Currently I'm using a regular expression to grab the content inside [section=quote]...[/section], but since the sections are entered using a WYSIWYG editor, the section tags themselves get wrapped in a paragraph tag, so the parsed result is: 目前我正在使用正则表达式来获取[section = quote] ... [/ section]中的内容,但由于这些部分是使用WYSIWYG编辑器输入的,因此部分标记本身包含在段落标记中,因此解析结果是:

</p>
<p>Mauris at turpis nec dolor bibendum sollicitudin ac quis neque.</p>
<p>

The Regular Expression I'm using currently is: 我目前正在使用的正则表达式是:

\[section=(.+?)\](.+?)\[/section\]

And I'm also doing some additional cleanup prior to parsing the sections: 在解析各个部分之前,我还要做一些额外的清理工作:

protected string CleanHtml(string input) {
    // remove whitespace
    input = Regex.Replace(input, @"\s*(<[^>]+>)\s*", "$1", RegexOptions.Singleline);
    // remove empty p elements
    input = Regex.Replace(input, @"<p\s*/>|<p>\s*</p>", string.Empty);
    return input;
}

Can anyone provide a regular expression that would achieve what I am looking for or am I wasting my time trying to do this with Regex? 任何人都可以提供一个能够实现我正在寻找的正则表达式,还是我在浪费时间尝试使用正则表达式? I've seen references to the Html Agility Pack - would this be better for something like this? 我见过对Html Agility Pack的引用 - 对于这样的事情会更好吗?

[Update] [更新]

Thanks to Oscar I have used a combination of the HTML Agility pack and Regex to parse the sections. 感谢Oscar我使用了HTML Agility pack和Regex的组合来解析这些部分。 It still needs a bit of refining but it's nearly there. 它仍然需要一点精炼,但它几乎就在那里。

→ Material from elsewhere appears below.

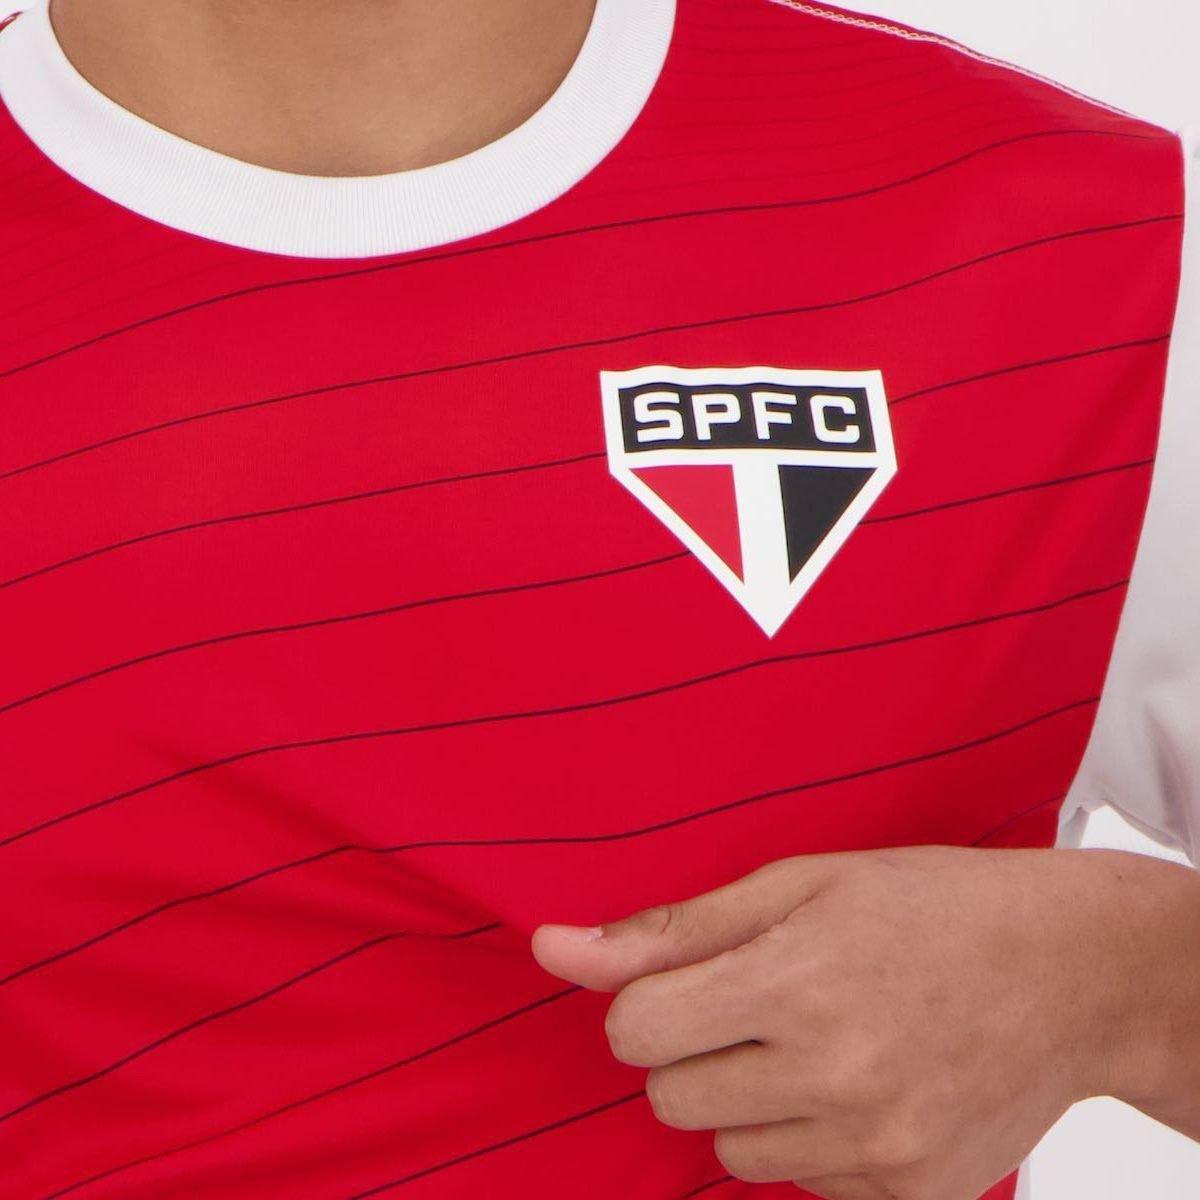 CAMISA SOVEREIGN SÃO PAULO 1904 SPR SP009

public void ParseSections(string content)
{
    this.SourceContent = content;
    this.NonSectionedContent = content;

    content = CleanHtml(content);

    if (!sectionRegex.IsMatch(content))
        return;

    var doc = new HtmlDocument();
    doc.LoadHtml(content);

    bool flag = false;
    string sectionName = string.Empty;
    var sectionContent = new StringBuilder();
    var unsectioned = new StringBuilder();

    foreach (var n in doc.DocumentNode.SelectNodes("//p")) {               
        if (startSectionRegex.IsMatch(n.InnerText)) { 
            flag = true;
            sectionName = startSectionRegex.Match(n.InnerText).Groups[1].Value.ToLowerInvariant();
            continue;
        }
        if (endSectionRegex.IsMatch(n.InnerText)) {
            flag = false;
            this.Sections.Add(sectionName, sectionContent.ToString());
            sectionContent.Clear();
            continue;
        }

        if (flag)
            sectionContent.Append(n.OuterHtml);
        else
            unsectioned.Append(n.OuterHtml);
    }

    this.NonSectionedContent = unsectioned.ToString();
}

The following works, using HtmlAgilityPack library: 以下工作,使用HtmlAgilityPack库:

using HtmlAgilityPack;

... ...

HtmlDocument doc = new HtmlDocument();
doc.Load(@"C:\file.html");


bool flag = false;
var sb = new StringBuilder();
foreach (var n in doc.DocumentNode.SelectNodes("//p"))
{
    switch (n.InnerText)
    {
        case "[section=quote]":
            flag = true;
            continue;
        case "[/section]":
            flag = false;
            break;
    }
    if (flag)
    {
        sb.AppendLine(n.OuterHtml);
    }
}

Console.Write(sb);
Console.ReadLine();

If you just want to print Mauris at turpis nec dolor bibendum sollicitudin ac quis neque. 如果你只是想Mauris at turpis nec dolor bibendum sollicitudin ac quis neque.上打印Mauris at turpis nec dolor bibendum sollicitudin ac quis neque. without <p>...</p> , you can replace n.OuterHtml by n.InnerHtml . 如果没有<p>...</p> ,您可以用n.OuterHtml替换n.InnerHtml

Of course, you should check if doc.DocumentNode.SelectNodes("//p") is null . 当然,您应该检查doc.DocumentNode.SelectNodes("//p")是否为null
If you want to load the html from an online source instead of a file, you can do: 如果要从在线源而不是文件加载html,可以执行以下操作:

var htmlWeb = new HtmlWeb();  
var doc = htmlWeb.Load("http://..../page.html");

Edit: 编辑:

If [section=quote] an [/section] could be inside any tag (not always <p> ), you can replace doc.DocumentNode.SelectNodes("//p") by doc.DocumentNode.SelectNodes("//*") . 如果[section=quote] [/section]可以在任何标记内(并非总是<p> ),则可以用doc.DocumentNode.SelectNodes("//p")替换doc.DocumentNode.SelectNodes("//p") doc.DocumentNode.SelectNodes("//*")

How about replacing 如何更换

<p>[section=quote]</p>

with

[section=quote]

and

<p>[/section]</p>

with

[/section]

as part of your cleanup. 作为清理的一部分。 Then you can use your existing regular expression. 然后,您可以使用现有的正则表达式。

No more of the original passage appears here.